I am a junior faculty member in the Division of Pulmonary and Critical Care Medicine and undertake clinical and translational research focused on transmission and pathogenesis of M.tuberculosis. A safe, improved BSL-3 facility to undertake sophisticated M.tuberculosis research will be critical in strengthening our current capacity to carry out cutting edge research. In addition, such a facility would greatly reinforce our ability to recruit important faculty, such as an immunologist working at the human-M.tuberculosis interface. This proposal has my complete support.
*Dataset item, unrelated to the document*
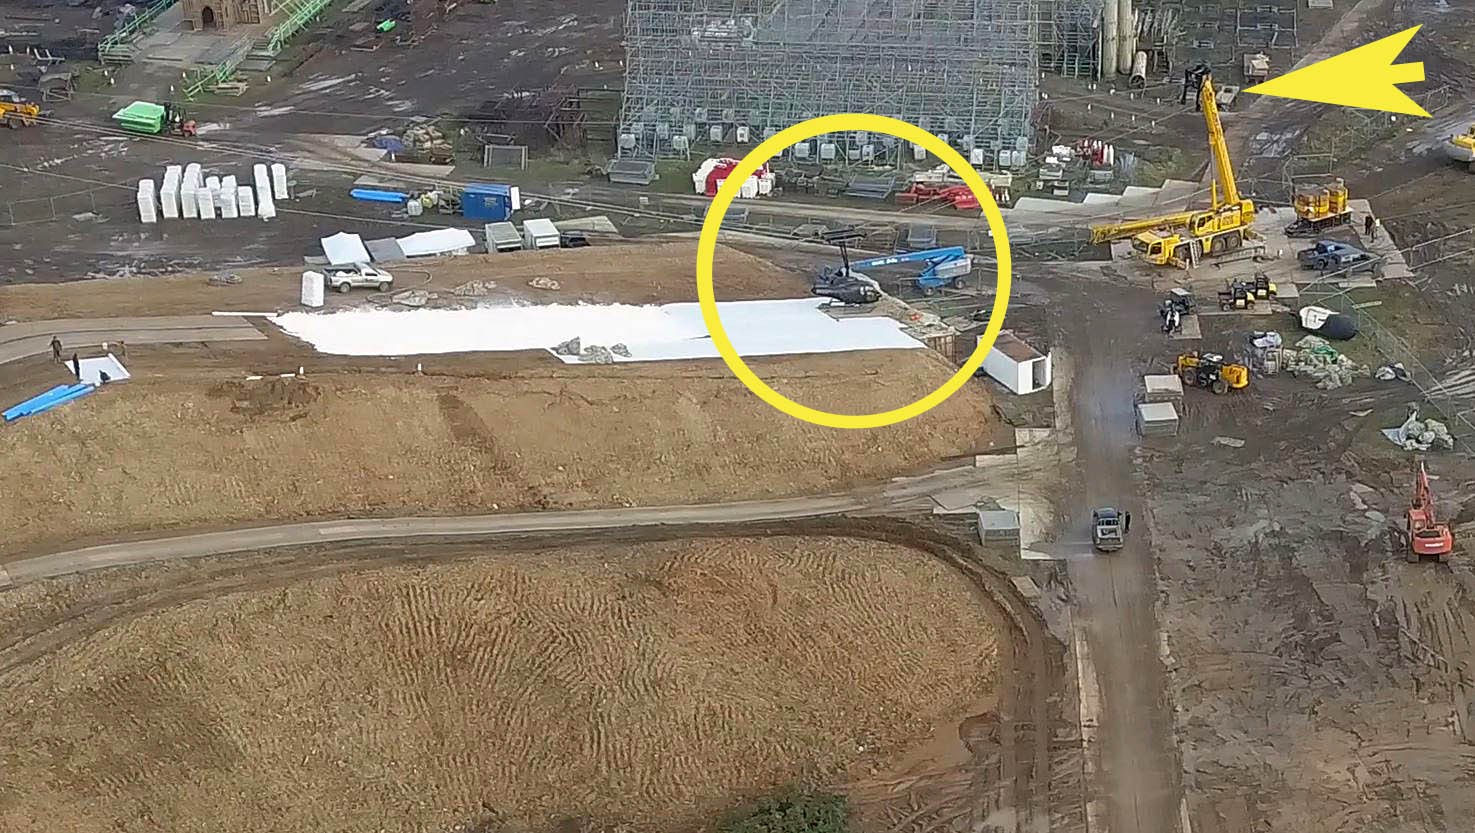 Mission Impossible Fallout Helicopter Lands at NEW Warner Harry Potter Studio Tour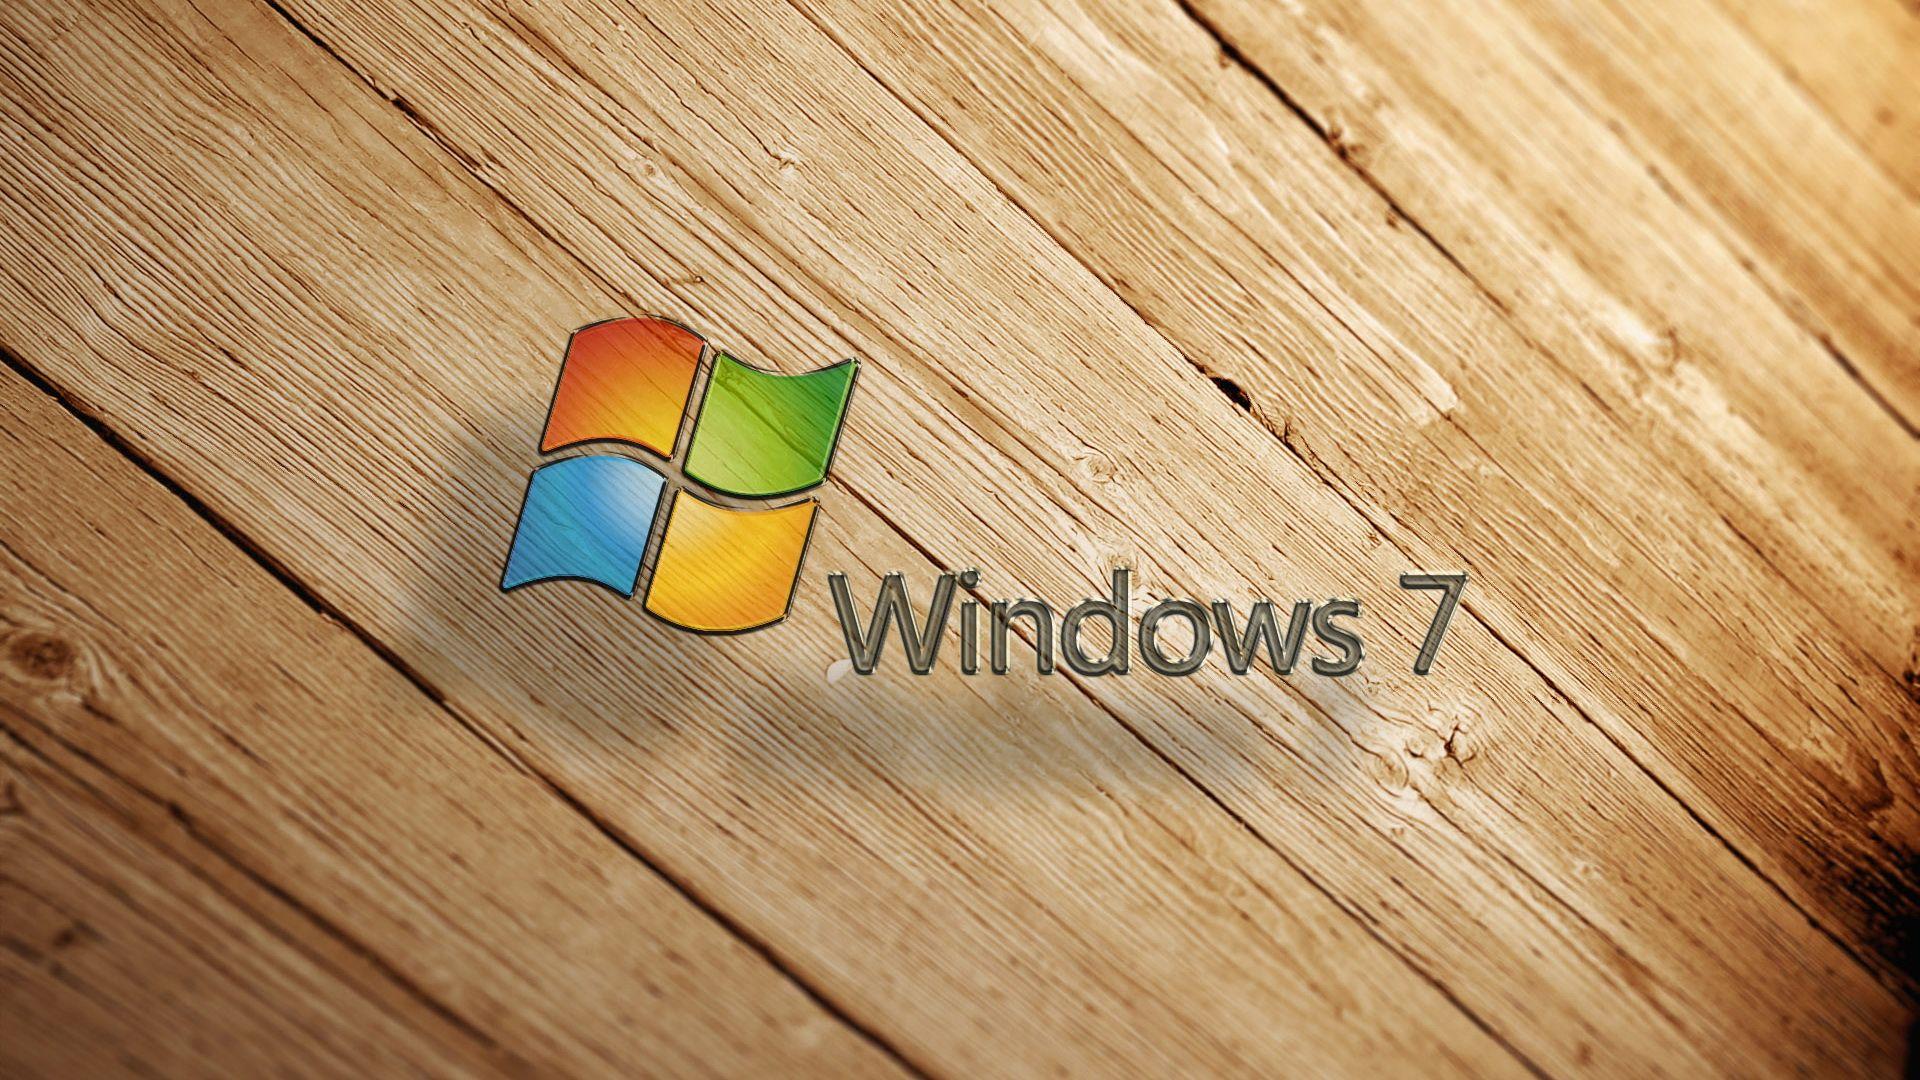 Windows 7 Wood Background HD Picture Wallpaper

This is an important proposal and if funded would address a major infrastructure and resource need at SFGH and UCSF. The global phylogenetic diversity of MTB was recognized in large part as a result of population-based molecular epidemiology and genotyping studies conducted at UCSF/SFGH. The implications of MTB strain diversity for global health such as for transmission, pathogenesis, treatment response, diagnostics, vaccine efficacy etc are largely unknown. With an adequate BSL3 at SFGH and with local collaborators, we would be able to augment our population-based studies by evaluating the relevant host-pathogen interactions involved. Until then, the only way we can move this important TB research agenda forward is to seek collaborations with investigators at other universities where adequate facilities exist (OHSU, Hopkins, Berkeley, Stanford), asking them to consider conducting research that we should be doing at SFGH.

Availability of the BSL3 has been critical in allowing me to pursue TB diagnostics research here at SFGH. The clinical laboratory does not have the space nor ability to support the kind of work that I am doing. It has been incredibly helpful to have the BSL3 available and continued availability will be a key part of sustaining active and cutting edge TB research at SFGH.

UCSF and SFGH have established themselves as leaders in the field of TB research. Investment in infrastructure like this lab is absolutely critical for UCSF to maintain its position in this field.